WHAT YOU HAVE TO DO:
Leaving out every picture, copy the lines of the material below exactly, from the line containing "Baby Girls Clothes 12-24 Months" through the line containing "Under Armour Black".

RAW DATA:
_ _ _ _ _ _ _

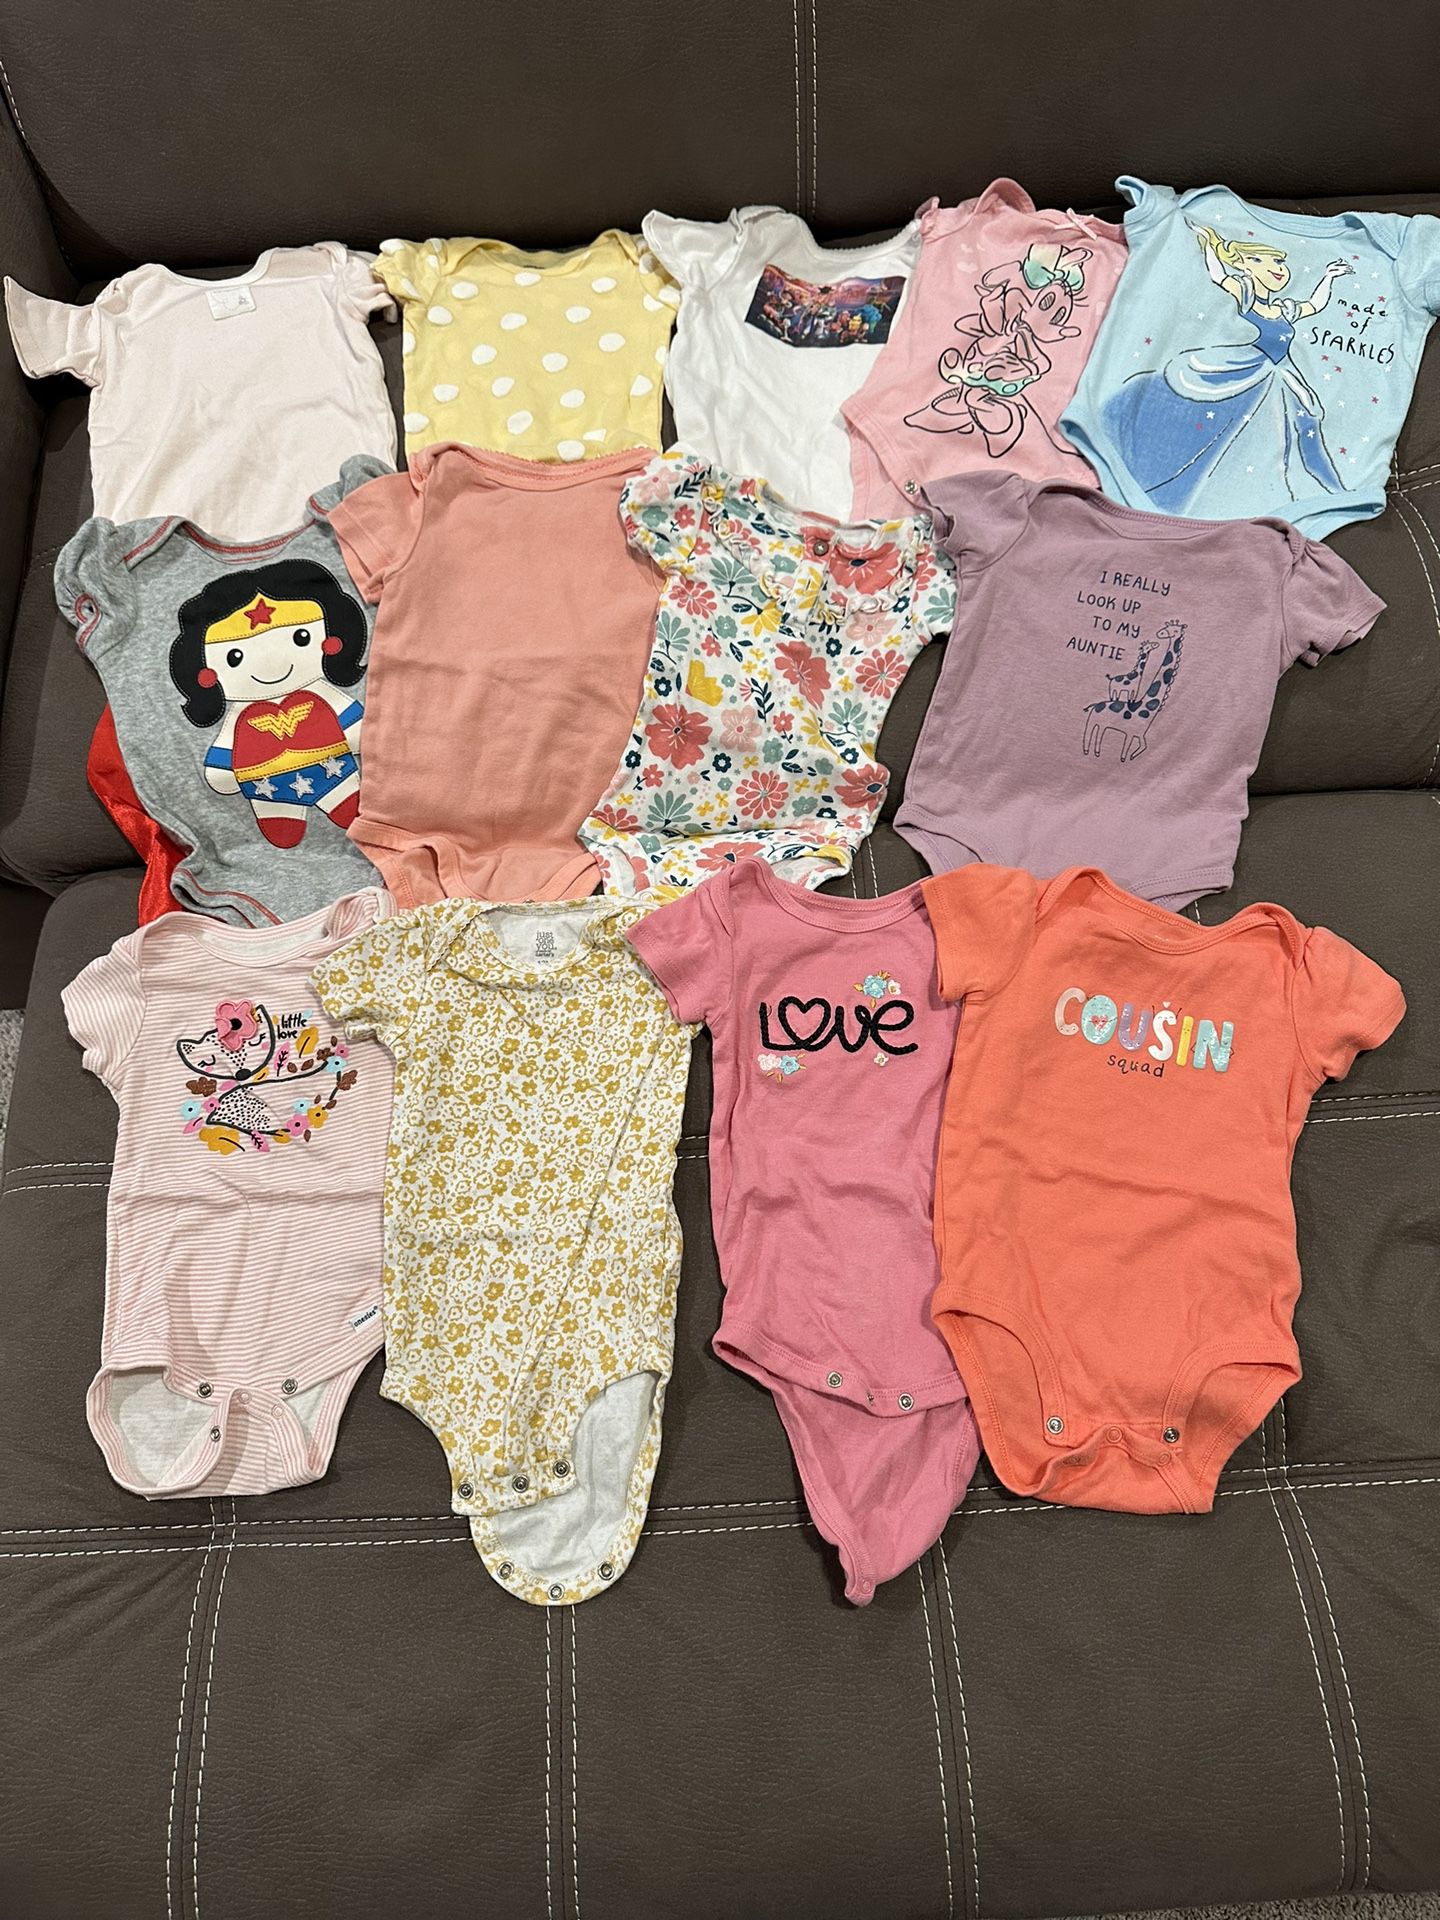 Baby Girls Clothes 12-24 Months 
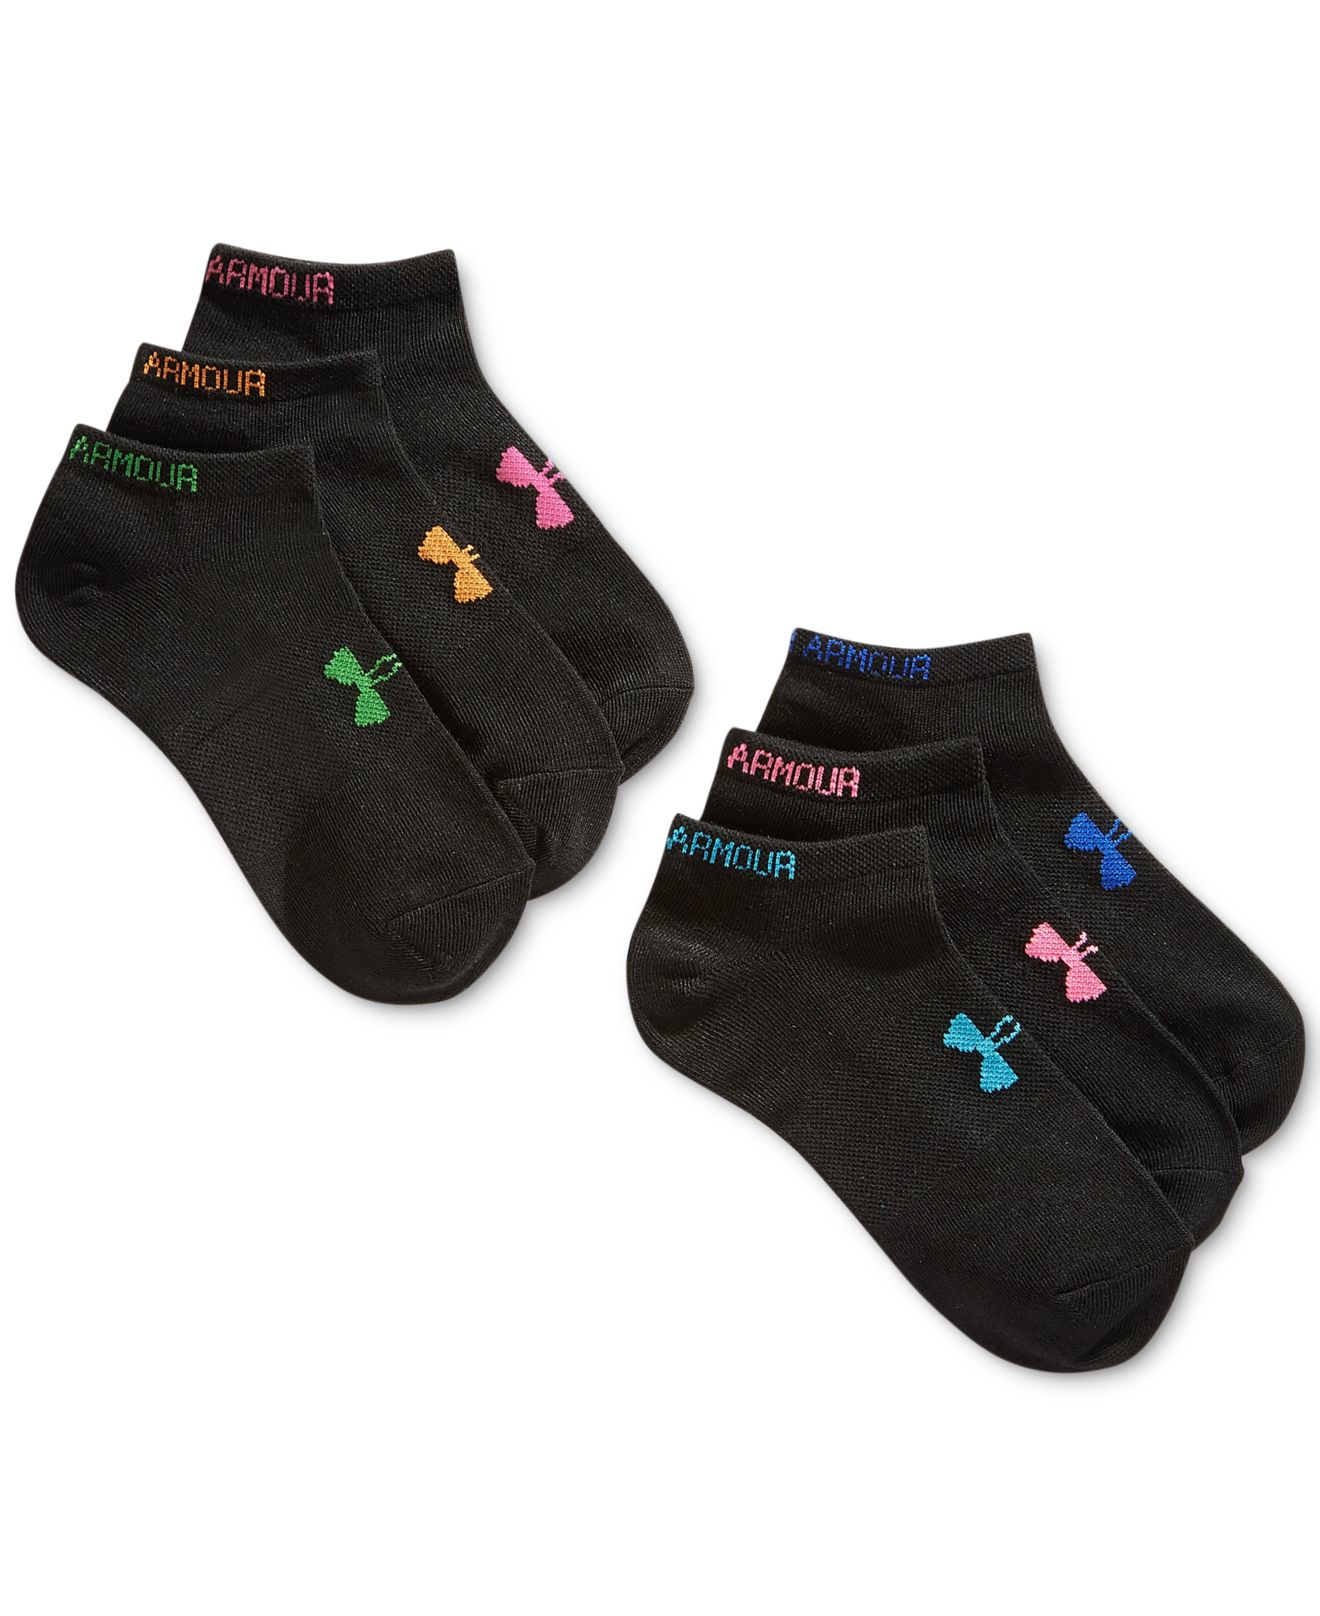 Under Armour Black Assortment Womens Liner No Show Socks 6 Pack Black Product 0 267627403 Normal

_ _ _ _ _ _ _

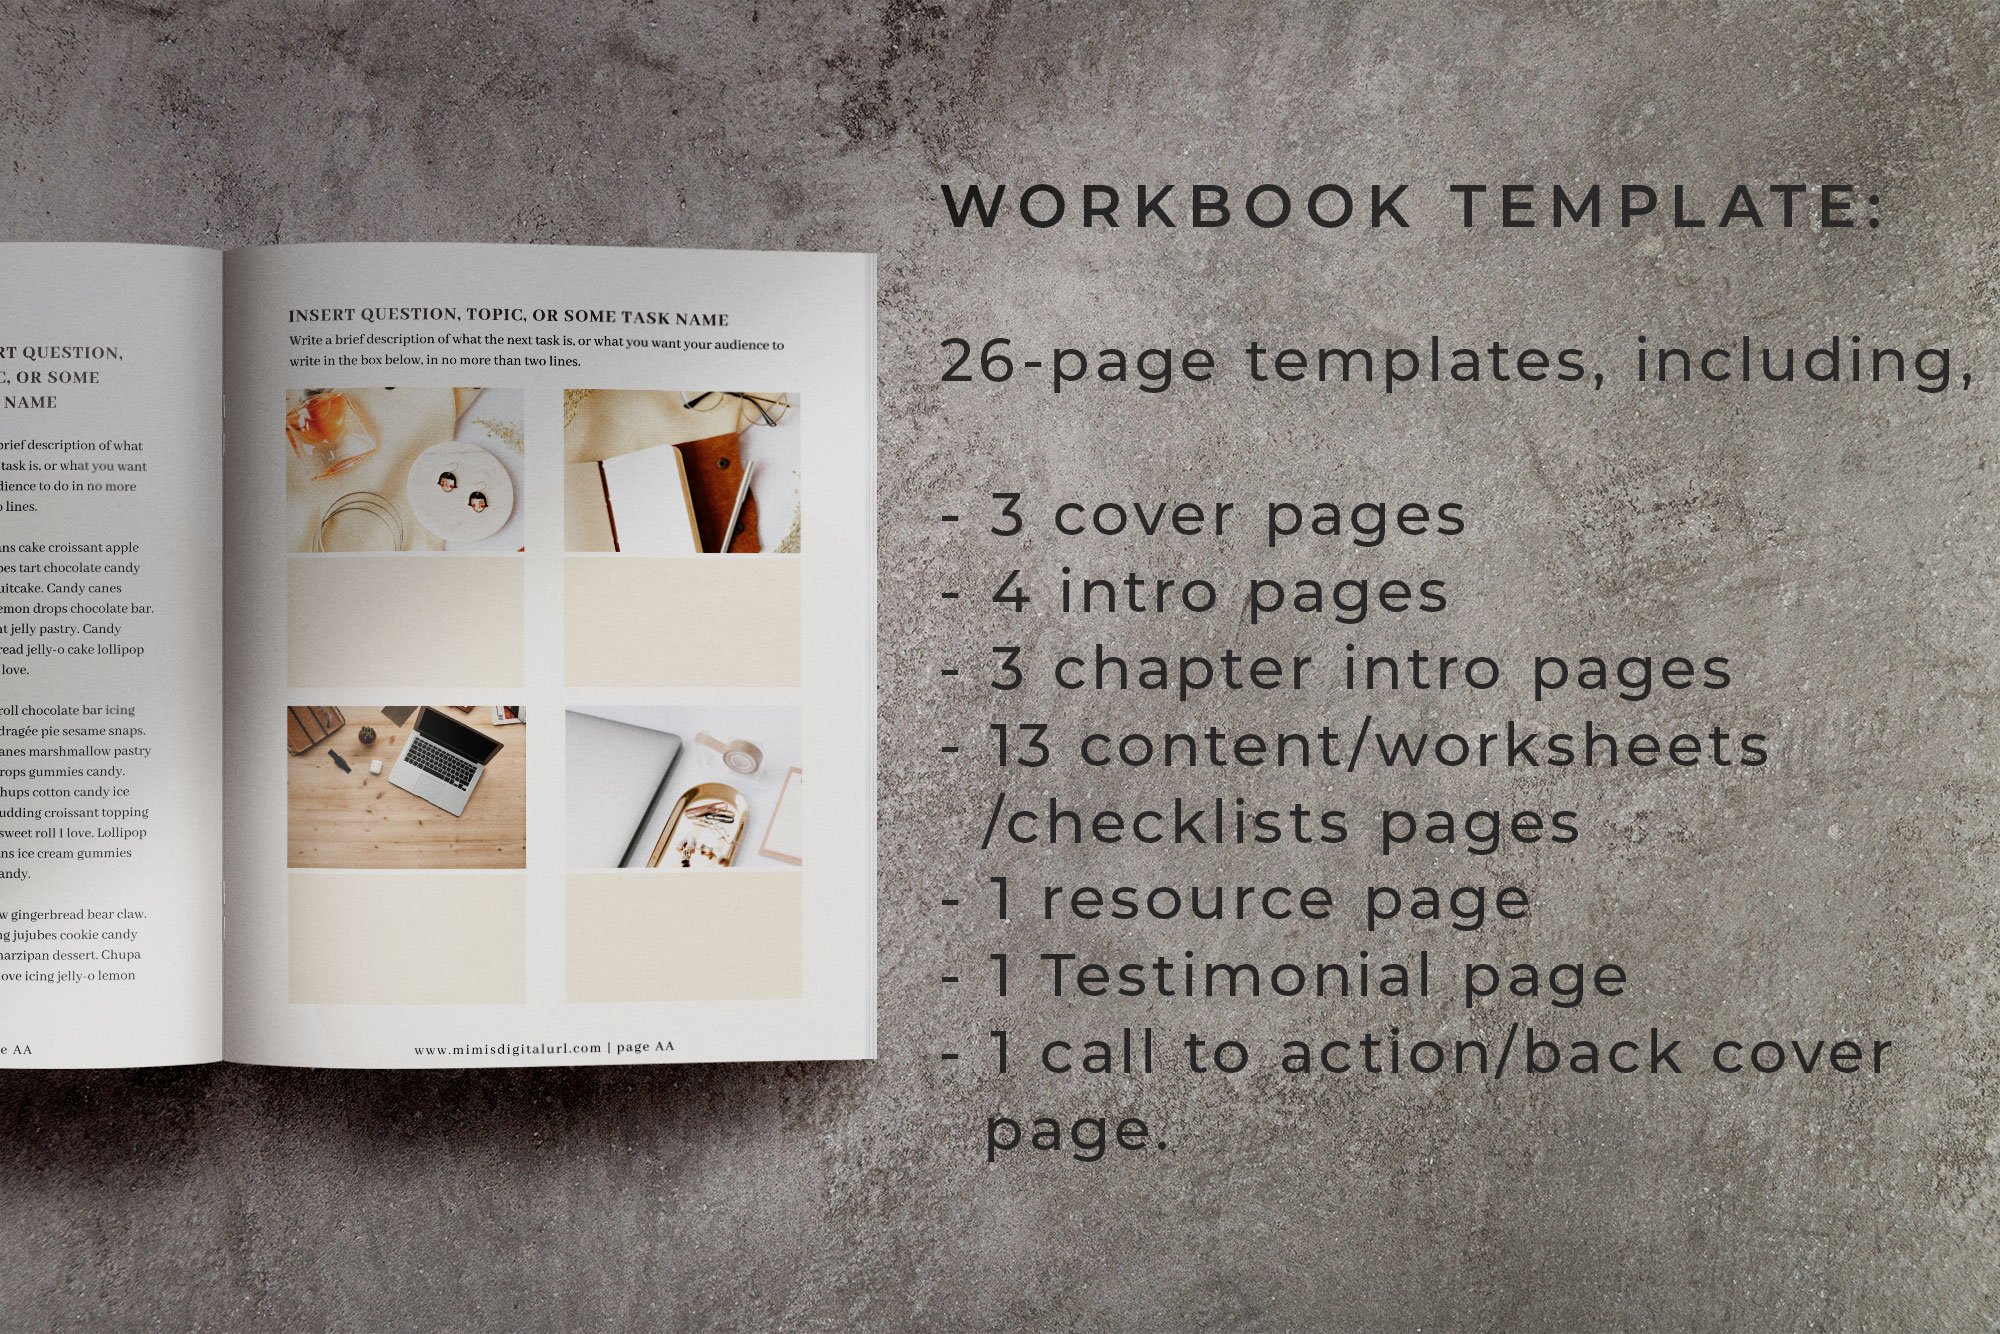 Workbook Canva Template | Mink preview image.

_ _ _ _ _ _ _

RESULT OF THE EXERCISE:
 Baby Girls Clothes 12-24 Months 
 Under Armour Black Assortment Womens Liner No Show Socks 6 Pack Black Product 0 267627403 Normal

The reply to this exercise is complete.